> **TASK ITEM**
Every line in the data below from the one containing "Fendi's Baguette: The" down to the one containing "Ski suit for children Spyder Performance GS", both included, must be retyped exactly; no other line is to appear.

◆ ◆ ◆ ◆ ◆

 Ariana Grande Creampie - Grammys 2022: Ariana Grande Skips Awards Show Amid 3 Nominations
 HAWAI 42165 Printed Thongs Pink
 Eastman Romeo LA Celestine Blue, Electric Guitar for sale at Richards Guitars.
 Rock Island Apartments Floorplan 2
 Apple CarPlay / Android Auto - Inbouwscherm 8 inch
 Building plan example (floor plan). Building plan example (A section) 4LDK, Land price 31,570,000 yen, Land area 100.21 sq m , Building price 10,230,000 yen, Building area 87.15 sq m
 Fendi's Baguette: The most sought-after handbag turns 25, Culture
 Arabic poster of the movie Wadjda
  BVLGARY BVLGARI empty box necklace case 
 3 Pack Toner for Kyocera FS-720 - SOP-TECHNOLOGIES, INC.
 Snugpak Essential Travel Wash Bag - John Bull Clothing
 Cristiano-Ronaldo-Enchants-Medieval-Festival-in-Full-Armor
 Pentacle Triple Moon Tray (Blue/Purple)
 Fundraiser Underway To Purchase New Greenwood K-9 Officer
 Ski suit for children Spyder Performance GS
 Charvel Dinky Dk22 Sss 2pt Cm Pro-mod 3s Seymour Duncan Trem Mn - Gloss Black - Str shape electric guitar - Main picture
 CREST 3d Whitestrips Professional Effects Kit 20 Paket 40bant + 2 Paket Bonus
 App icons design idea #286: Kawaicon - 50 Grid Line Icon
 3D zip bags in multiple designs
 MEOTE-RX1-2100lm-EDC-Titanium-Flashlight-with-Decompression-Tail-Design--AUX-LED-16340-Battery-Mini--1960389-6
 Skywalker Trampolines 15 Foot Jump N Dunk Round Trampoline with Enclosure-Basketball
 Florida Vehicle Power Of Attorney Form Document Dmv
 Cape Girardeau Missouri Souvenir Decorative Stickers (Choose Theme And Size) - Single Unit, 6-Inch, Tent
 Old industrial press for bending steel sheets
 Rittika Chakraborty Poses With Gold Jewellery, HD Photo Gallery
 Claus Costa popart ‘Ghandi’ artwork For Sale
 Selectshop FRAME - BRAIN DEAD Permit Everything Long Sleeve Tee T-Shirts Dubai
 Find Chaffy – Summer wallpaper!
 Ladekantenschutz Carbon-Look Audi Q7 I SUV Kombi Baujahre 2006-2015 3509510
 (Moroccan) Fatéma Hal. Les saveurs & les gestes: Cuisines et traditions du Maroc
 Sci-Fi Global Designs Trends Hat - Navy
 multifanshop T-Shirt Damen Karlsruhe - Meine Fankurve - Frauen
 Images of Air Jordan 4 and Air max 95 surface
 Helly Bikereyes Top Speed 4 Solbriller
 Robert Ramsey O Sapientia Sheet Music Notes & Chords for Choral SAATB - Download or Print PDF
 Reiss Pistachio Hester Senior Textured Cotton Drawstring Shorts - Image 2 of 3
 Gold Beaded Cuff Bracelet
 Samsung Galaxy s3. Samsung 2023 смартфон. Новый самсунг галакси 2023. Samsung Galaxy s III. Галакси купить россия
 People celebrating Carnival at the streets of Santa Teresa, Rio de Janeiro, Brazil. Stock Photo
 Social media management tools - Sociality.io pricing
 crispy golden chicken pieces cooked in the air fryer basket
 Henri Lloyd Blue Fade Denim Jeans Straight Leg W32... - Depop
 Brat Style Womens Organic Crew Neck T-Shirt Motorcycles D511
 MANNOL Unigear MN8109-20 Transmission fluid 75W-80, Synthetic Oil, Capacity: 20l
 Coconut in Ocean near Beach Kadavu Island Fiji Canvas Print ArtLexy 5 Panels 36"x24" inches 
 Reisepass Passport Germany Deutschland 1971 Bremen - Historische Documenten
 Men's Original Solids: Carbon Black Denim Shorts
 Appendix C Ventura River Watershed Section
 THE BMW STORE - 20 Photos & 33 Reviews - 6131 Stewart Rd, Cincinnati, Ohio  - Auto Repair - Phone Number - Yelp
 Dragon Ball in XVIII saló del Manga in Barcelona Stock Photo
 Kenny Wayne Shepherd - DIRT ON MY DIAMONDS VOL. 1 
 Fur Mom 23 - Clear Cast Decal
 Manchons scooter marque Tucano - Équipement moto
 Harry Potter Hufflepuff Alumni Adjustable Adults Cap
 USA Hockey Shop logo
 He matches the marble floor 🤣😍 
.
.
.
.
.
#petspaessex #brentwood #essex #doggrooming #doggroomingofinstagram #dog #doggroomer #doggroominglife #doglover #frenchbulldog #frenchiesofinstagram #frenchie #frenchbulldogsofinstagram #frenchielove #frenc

◆ ◆ ◆ ◆ ◆

> **TASK SOLUTION**
 Fendi's Baguette: The most sought-after handbag turns 25, Culture
 Arabic poster of the movie Wadjda
  BVLGARY BVLGARI empty box necklace case 
 3 Pack Toner for Kyocera FS-720 - SOP-TECHNOLOGIES, INC.
 Snugpak Essential Travel Wash Bag - John Bull Clothing
 Cristiano-Ronaldo-Enchants-Medieval-Festival-in-Full-Armor
 Pentacle Triple Moon Tray (Blue/Purple)
 Fundraiser Underway To Purchase New Greenwood K-9 Officer
 Ski suit for children Spyder Performance GS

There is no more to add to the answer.